The pop-up window shows you the virtual folder where the temporary files are stored. You will find images, CSS files, XML files, and others, but the ones you are looking for are of type "Text Document" and are all named "Cookie:[username]@[website name].

You can delete files from this window, but it is more effective to use other tools, such as Delete History, Security Zones, and Privacy controls.


IE allows you to adjust your security settings as a group depending on the zone you are browsing in. If you are in a corporate environment, your company may already have set these screens and you may not be able to change them.

Protected mode is available for IE7/IE8 under Vista and Win7. It is not available in XP, which is another reason to upgrade your OS.

Internet Zone
Most web browsing and all your new sites
Enable Protected Mode

Intranet Zone
More for companies, usually set by a company policy.
Do not enable protected mode

Trusted Sites
Sites you have designated as trusted
Enable Protected Mode

Restricted Sites
Sites you have designated as restricted
High security
Enable Protected Mode

Instructions for adding web sites on the fly to the trusted or restricted lists are in the "How I Browse" chapter.
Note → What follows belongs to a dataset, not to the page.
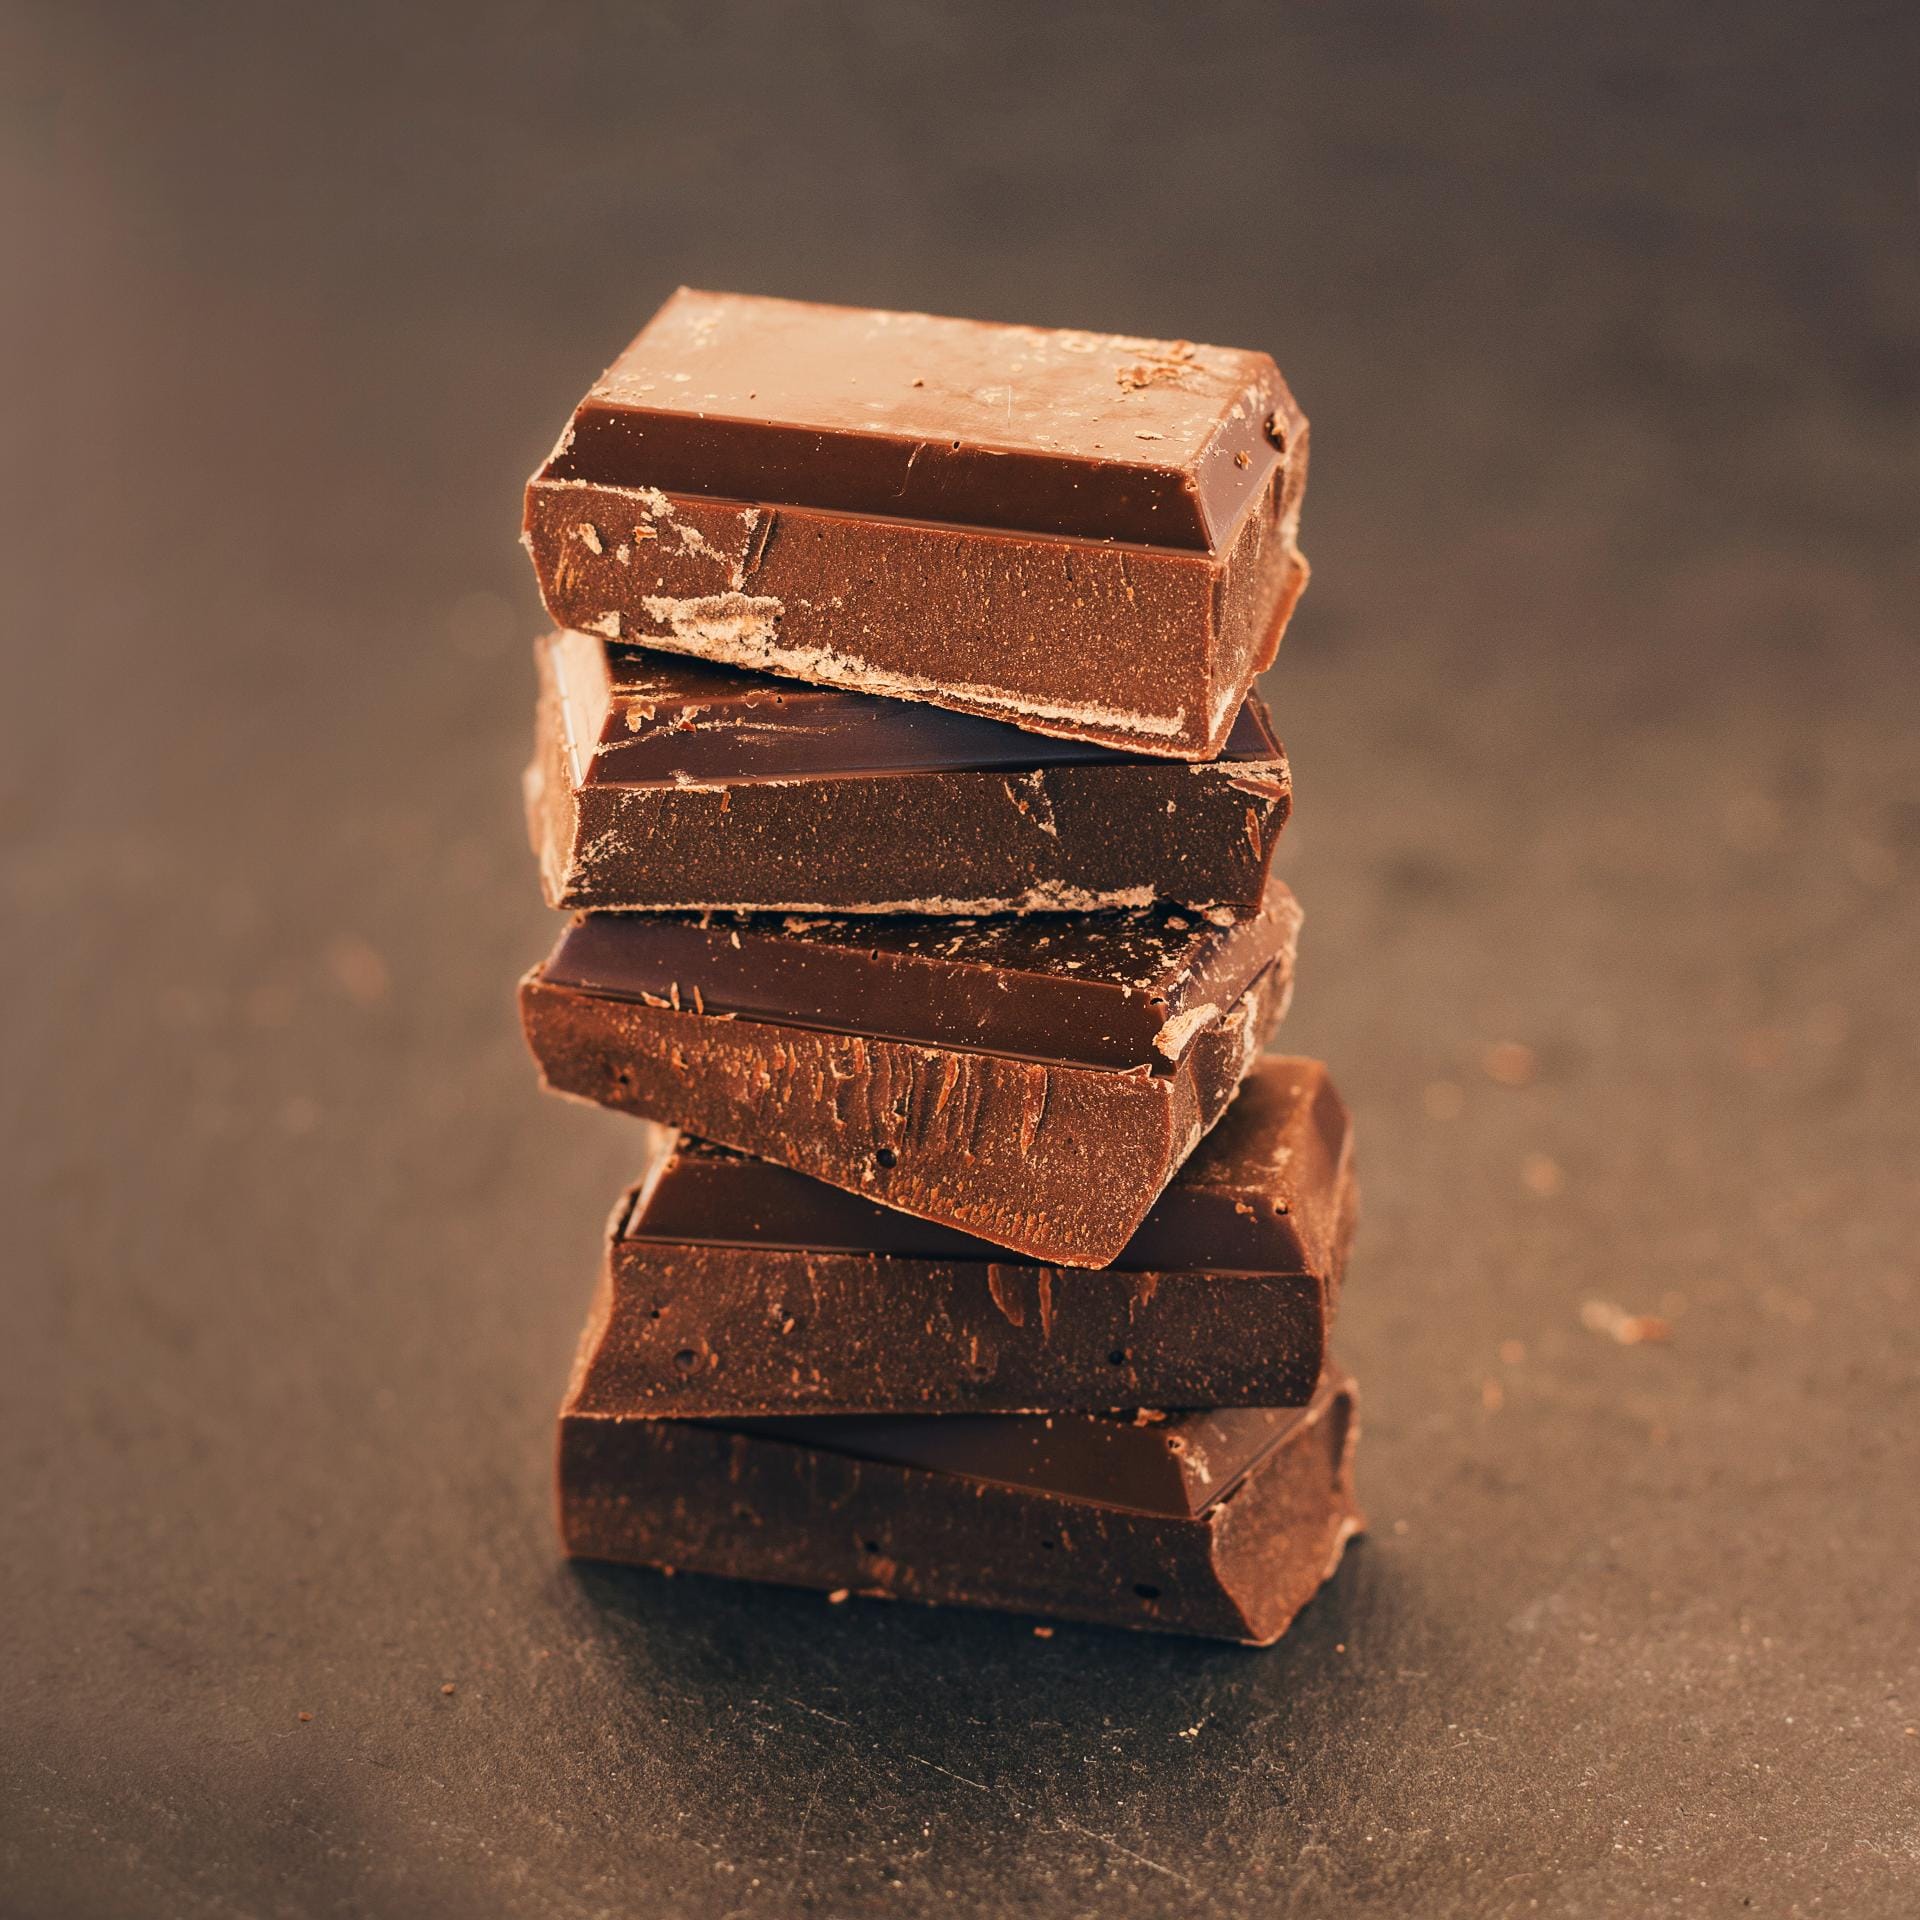 Schokolade, am besten dunkle, passt perfekt zum Whisky. Die Schokolade neutralisiert zudem den Gaumen während einer Verkostung.

IE6 does not have Protected Mode and does not have a "Medium-High" security setting. Use the "High" setting instead. Better yet, upgrade your browser.


Privacy primarily controls cookie settings. Use this tab to set your general cookie preferences. It also is where you edit settings for pop-ups and for private browsing sessions.

  • Start by setting your overall Internet security to "Block All Cookies".
  • Turn on the Pop-up Blocker. This turns it on for all sites, but allows you to temporarily allow them as needed.
  • Allow the browser to collect data for InPrivate Filtering, which helps Microsoft keep the filter list up to date.
  • Disable toolbars and extensions when using InPrivate Browsing. This prevents spying on your browsing sessions.

After these settings are selected, click the "Advanced" button in the cookies area.

The Advanced privacy window pops up.

  • Check "Override automatic cookie handling"
  • Prompt for first party cookies – this allows you to decide whose cookies you will accept.
  • Block for third-party cookies – this prevents all cookies from anything but the site you are on.
  • Check "Always allow session cookies". These are the cookies a site needs to allow you to work in it, such as if you've logged in to a banking site.
  • Click "OK".

You now have custom privacy settings.

  • Clicking the "Sites" button allows you to manually allow or block cookies from specific sites. This is how you can remove a site from being blocked or remove a formerly trusted site's cookies.
  • Clicking "Settings" in the pop-up blocker section allows you to enter sites where you do want them to be able to use pop-ups all the time. You can also add them on the fly as you get to each site.

IE6 has the cookies and pop-settings, but lacks InPrivate controls.


Skip the next two tabs and go to Programs. This is where you will turn off Flash and other annoying add-ons. Disabling add-ons does several things for you:

  • It prevents questionable software, like Flash, from running unless you explicitly grant it rights.
  • It turns off stupid features, like Research, that aren't very useful and just slow down your browser.
  • It improves browser stability because it turns off poorly designed add-ons.
  • Click "Manage Add-ons".
  • A new window will open where you can manage browser add-ons.
  • Select Toolbars and Extensions in the left-hand panel. Group by Publisher (right-click on any column heading for grouping menu). Disable the following at a minimum:

    • Adobe Flash
    • Adobe PDF – there will be multiple add-ons for PDF
    • Microsoft Research
    • Microsoft Discuss

    Disable anything else that you don't know what it is or can't clearly identify what it is doing.

    The screen looks different in IE6, but you still have the controls for disabling Flash Payer and all of the other obnoxious add-ons.

    Your web pages may have large white space gaps in them (it's amazing what they will stick Flash into) and you may see notices that you have to install Flash player. You don't – you just have to turn it back on.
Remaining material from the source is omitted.